DINK #221 How Origami Torture Taught Me What I Really Wanted

Posted on : 28-10-2010 | By : Lynn | In : Career Stuff


It is one of my feverish hopes that when I share my stories of life, school, coaching, work and volunteering that there will be something somewhere that helps someone somehow.  For weeks now I have been in Origami hell and I’ve subjected all my readers to it along the way. Never fear, I’m beginning to see the light.  I’ve booked David to take a photo of my four perfectly made Origami people (except for their heads which someone else will have to make extra folds on to get it to the smaller size) for all to see.  It’s probably going to be like that scene from Annie Hall when Woody finally sees the perfect boyfriend that she had been talking about and said, “that’s it?! This is the boyfriend” or some such.  But really, here is the real gem that the Origami torture has given to me: the last straw that could be put into at least a couple of baskets that I’ve been carting around have been placed. That’s it; I’ve made it to the end of my rope. No more. And this is a good thing.

At school, I’ve made appointments to talk with Department heads and their trusted advisers about how I can fast track my way into combining the rest of the classes I need to complete my BA with a MSSW and I also want to see about earning a Masters in Communication.  I just need to pull all of my documents together so that I have the density of a proposal that academia is so fond of to support my query.  And as far as providing services and consultation for free, I’ve been stretching myself very thin in that area and plan to have at least a couple of discussions and boundaries set and requests for payment made.  There is a good part of my life that I gladly give my service for free in gratitude for that which I have been so freely given and I will continue to give that service. What I’m talking about is my tendency to so want to support someone in their dreams that I overlook my own reality and put aside my own needs to help them create and achieve their own dreams.  Somehow making the Origami people and the mini desks and chairs satiated that need in me to give, give, give and ask nothing in response. I’m done.  And thank G don’t you think?
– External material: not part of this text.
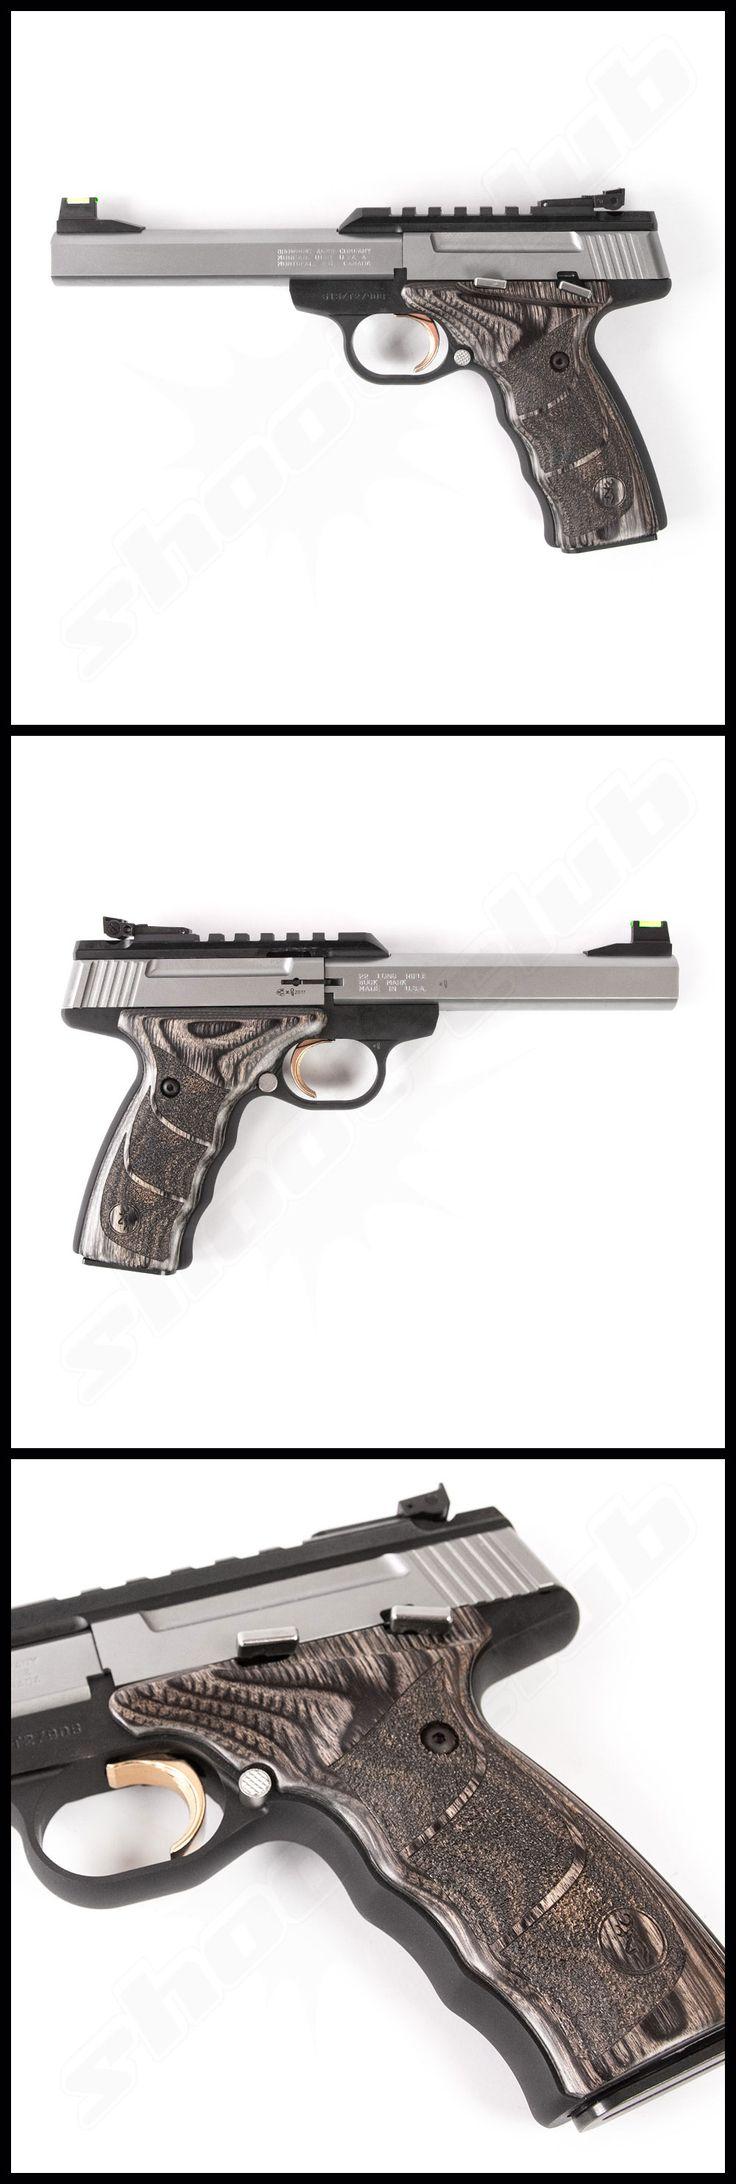 Browning Buck Mark UDX Stainless  Sportpistole im Kaliber .22lr

Talking with my mom on the phone tonight she shared with me a technique that she learned in OT residency while working in the psych ward (this is my best recollection).  She had a very depressed patient one time that she couldn’t get much of a response from so she would have that patient do the same little thing over and over again asking her to improve whatever it is that she was doing until finally the patient responded with an outburst of anger which is what mom wanted because then she could work with the emotions and consciousness behind that.  Anyway, this feels like the same kind of situation I’ve been in (only I’m not depressed and school isn’t a psych ward) having to do a task over and over again because it just wasn’t quite right.
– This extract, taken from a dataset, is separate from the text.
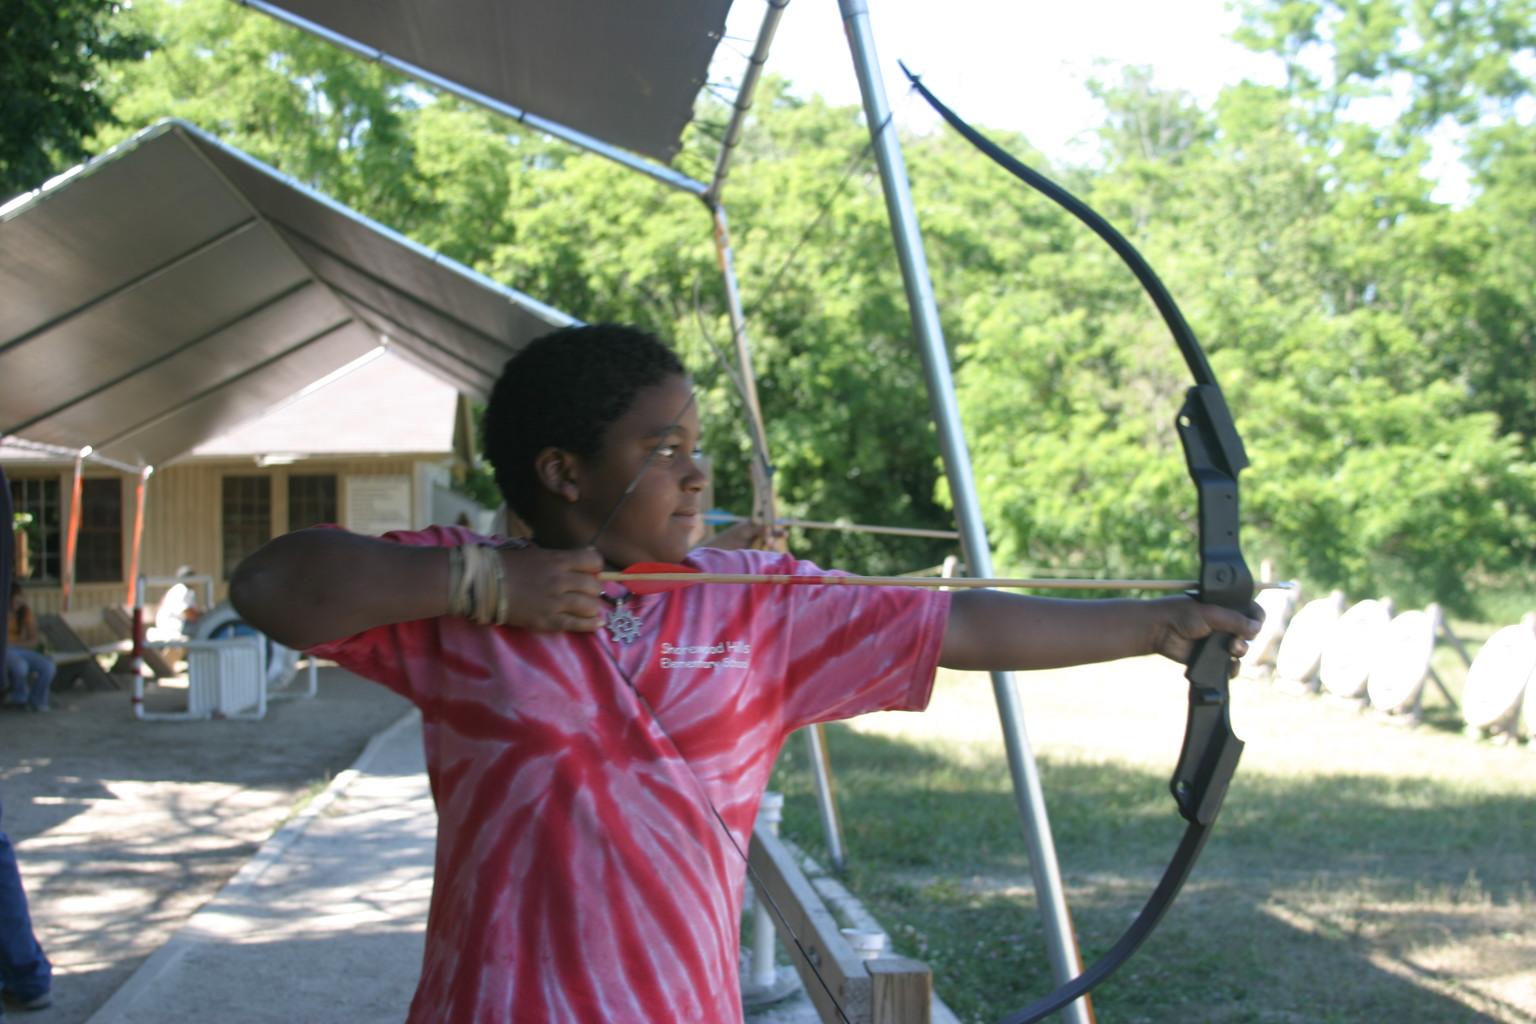 Summer Program - Arts and Crafts | Camp Anokijig

Finally, I reached the end of my rope.  I realized that I am never going to be able to make everything in this class perfectly and that whatever I turn in is most likely going to be critiqued in a way that tells me my work is lacking. And that’s okay.  This has been a really good way for me to keep going to that dry well over and over and over again until finally my insides all lined up to say, that is enough.  And now I can start taking more fruitful action steps.

I have a feeling that I’m going to sleep better tonight than I have in a very long time.  May the Origami situations in your life bring you to the end of all that you know and may you see the rainbow overhead.